1. Authority URL: Enter the URI for your directory.

   • Often this is https://login.microsoftonline.com/ followed by the tenant name. This may not be the case for some types of Office 365 e.g. Educational or Governmental.

2. Credential: Choose the relevant credential for this token from the dropdown.

3. Scopes: Enter the scopes requested to access a protected API. Example scope form, ResoucreUri/.default.

4. Featured Domain Name: Enter the old style NETBIOS domain name.

   • This will be used when qualifying synced objects from an on-premise domain.

5. Managed Domain Name: Enter the Azure Domain Name.

   • This will get qualifying objects created from Azure Active Directory.

Groups Sync

This filter will be used when synchronising groups. Use the filter parameter syntax to retrieve a subset of a collection based on its properties. Support for creating a Parameter Syntax and How to determine group sync properties.
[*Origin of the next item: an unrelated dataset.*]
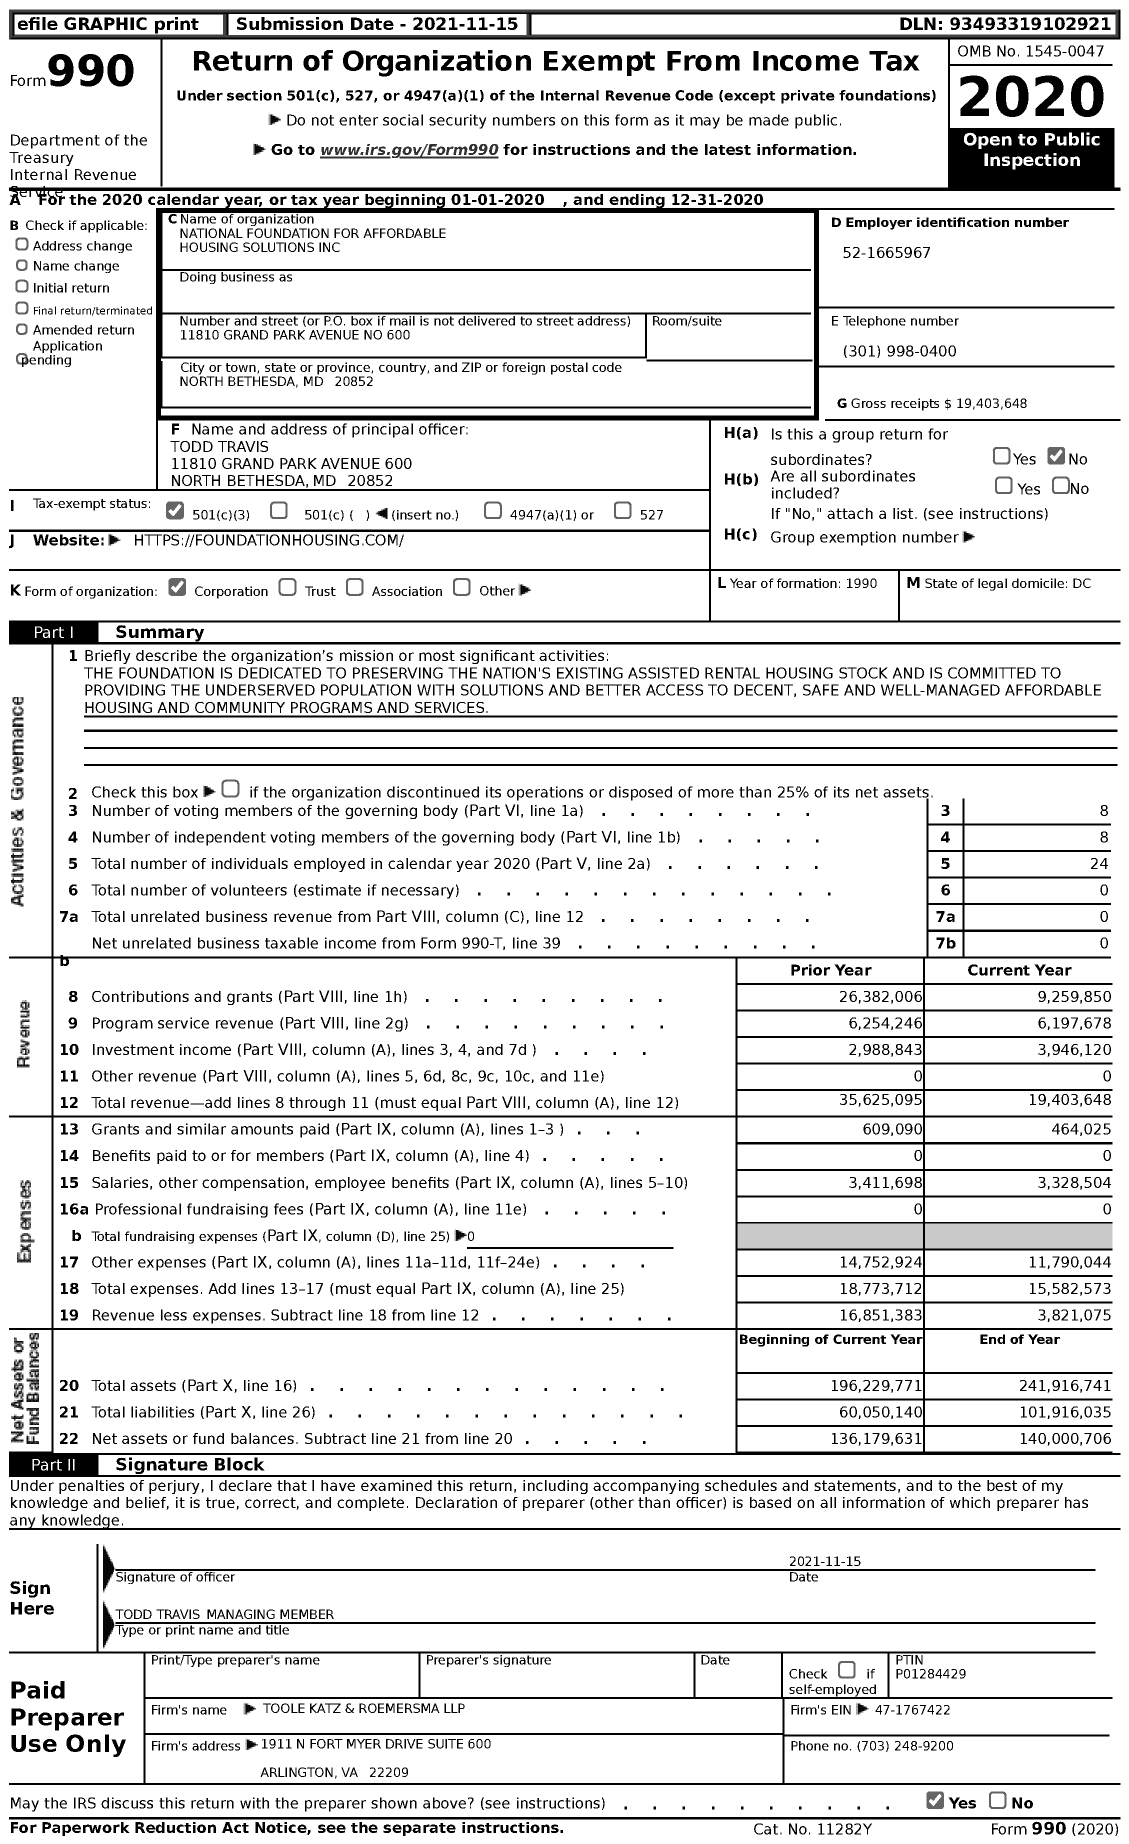 Image of first page of 2020 Form 990 for National Foundation for Affordable Housing Solutions (NFAHS)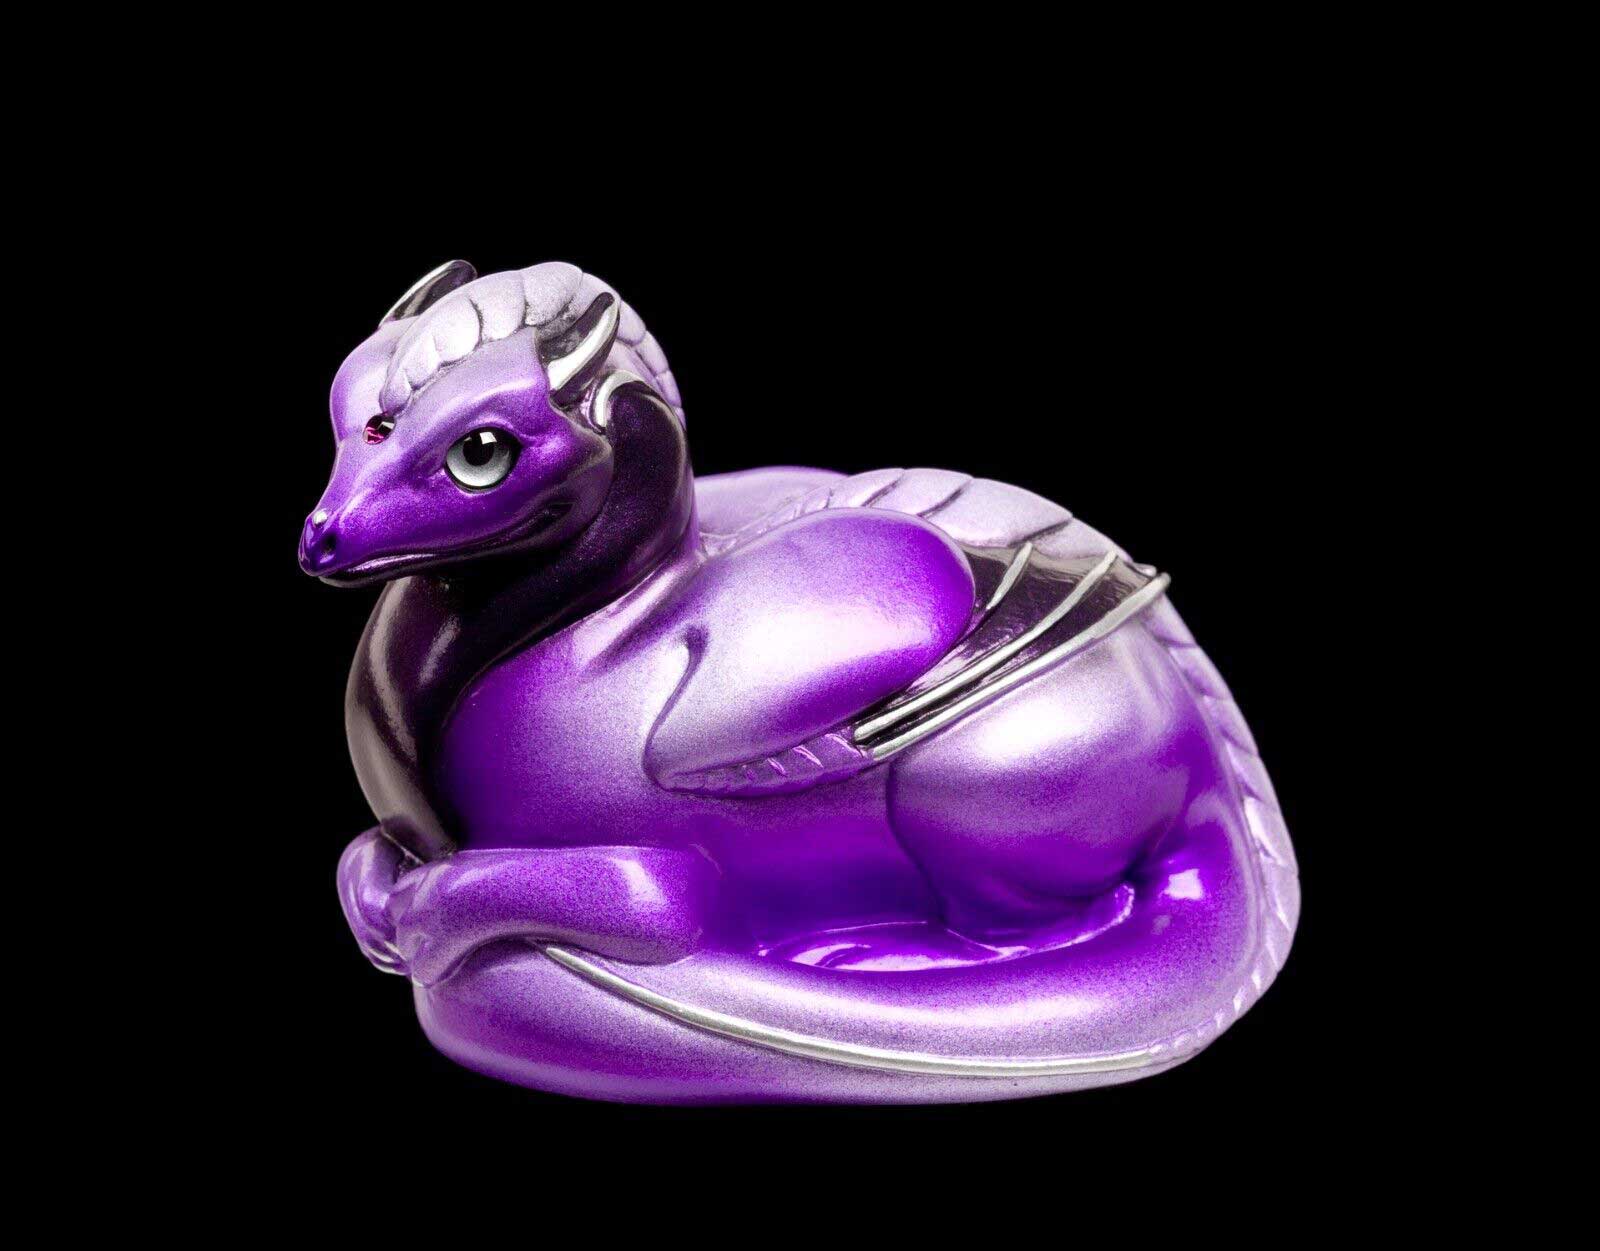 20221014-Twilight-Amethyst-Pebble-Loaf-Dragon-Test-Paint-1-by-Gina

Only synchronise security enable groups is a predefined filter equal to (securityEnabled eq true). Enable this to synchronise only groups that can be used to secure access.

Users Sync

The user sync area should be used to filter in and out users from synchronising and also adding group.

1. Users Filters: Create filters used when synchronising users to Aiimi Insight Engine. Create the filters using Parameter Syntax.

2. Synchronise Checkbox Setting: Control what users synchronise by checking either:

   • Synchronise federated (on-premise) users.

   • Synchronise managed (Azure AD) users.

     • All users will be synced, including some users that are neither federated or managed when neither are ticked.

3. Only Synchronise Licensed Users: Check this to filter out any expired accounts.

   • This is a predefined filter equivalent to (accountEnabled eq true).

4. Only Synchronise Enable Users: Check this to filter out users without an Office 365 license.

1. Additional Group: You can add a user group to Additional Groups. This must include the appropriate qualifier.

2. Excluded Groups: Enter any groups from users that you want to remove. This must include the appropriate qualifier.